И тут же у нее перед сопливым носом оказалась распечатанная банка колы. Честик по-хозяйски сунул в банку трубочку.
– Где взял? – всхлипывая, спросила кающаяся мать.
– Подарили, – твердо ответил сын. – Да ты пей, не бойся. Дядя Антон дал. Велел за тобой присматривать.
– Ты с собакой гулял, а ел что?
– У меня все нормально. Мам, ну не реви.
– Ты очень испугался?
– Да ты что?! Дядя Антон сказал, ты теперь месяц в школу не пойдешь. Прикинь, да?
– Мечтатель! – вздохнула Мика.
С ковра, потягиваясь, уже поднялась собака. Не пропуская предоставленной возможности, подсунула свой длинный нос, чтобы почесали.
– Мам, давай свет не будем выключать, и спать я буду у тебя сегодня, ладно?
– Хорошо.
За окном уже светлело небо. Скоро дворник заширкает своей метлой. Мика не спала. Как все женщины, она думала: «Господи, ну почему это все со мной?».

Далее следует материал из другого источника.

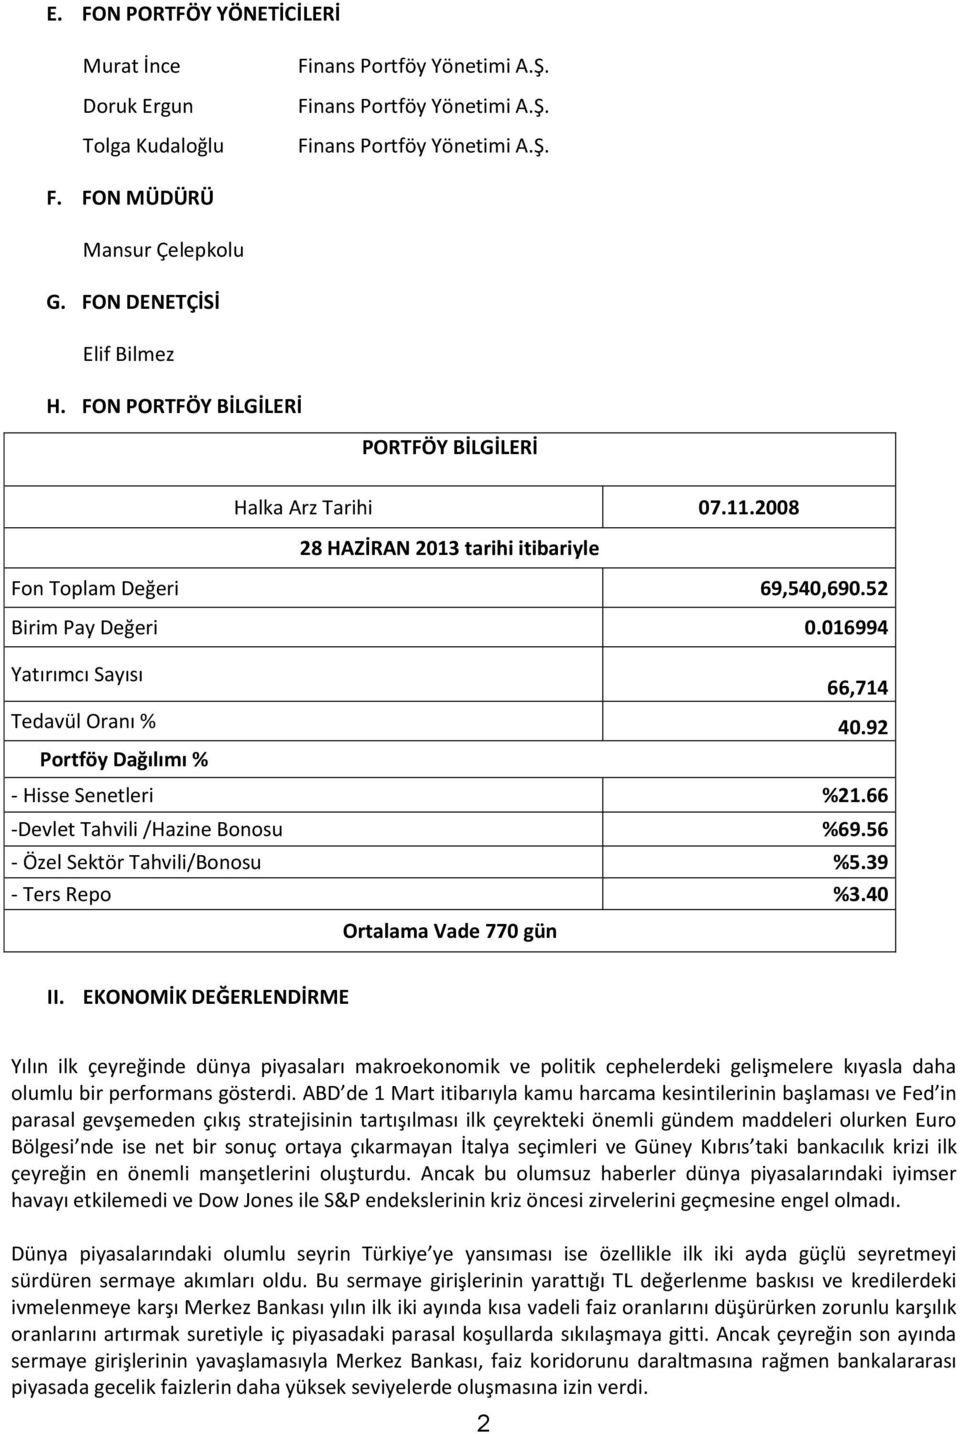 016994 Yatırımcı Sayısı 66,714 Tedavül Oranı % 40.92 Portföy Dağılımı % - Hisse Senetleri %21.66 -Devlet Tahvili /Hazine Bonosu %69.56 - Özel Sektör Tahvili/Bonosu %5.39 - Ters Repo %3.

Утро началось с мучительных водных процедур – приходилось обходиться одной рукой, каждое движение в ванной давалось с трудом. Завтрак на кухне, яичница Честика, чуть пригоревшая по краям, все равно казались светлой полосой после кошмарной ночи. Собака обижалась, на нее никто не обращал внимания. Без конца звонили знакомые и выражали сочувствие, обещая заехать и все привезти. Кажется, проблема питания решалась сама собой.
Приехала мама. И сказала, что именно так рано или поздно должно было случиться. Потому что нечего со всякими дело иметь и жить как придется. Но обед был готов, Честик отправлен в школу. Мике заплели французскую косу. Вместе с мамой они разрезали старые футболки и соорудили несколько распашонок. Вид был экзотично-неприличный, но вполне спортивный. Потом Мика выпила пару таблеток успокоительного и заснула. Ей снился сон. Она была на краю обрыва, а внизу, среди цветущей долины, стоял человек и махал ей рукой. В спину все время толкали, не так чтобы очень, но толкали. А долина была просто изумительна. Стоило сделать один шаг, всего один. «Я же тогда точно разобьюсь», – совсем не романтично подумала Мика. Толчки в спину стали сильнее, а лицо человека как будто стало узнаваемым. Ждал он ее.
Тут залаяла собака. Зло. С истеричными нотами. Толчки прекратились, но Мика все равно не могла шагнуть назад. Там так плохо. Вперед тоже не могла. Тогда она закричала, замахала тому человеку двумя руками. И начала падать. Уже падая, Мика заплакала, потому что знала, чем это кончится.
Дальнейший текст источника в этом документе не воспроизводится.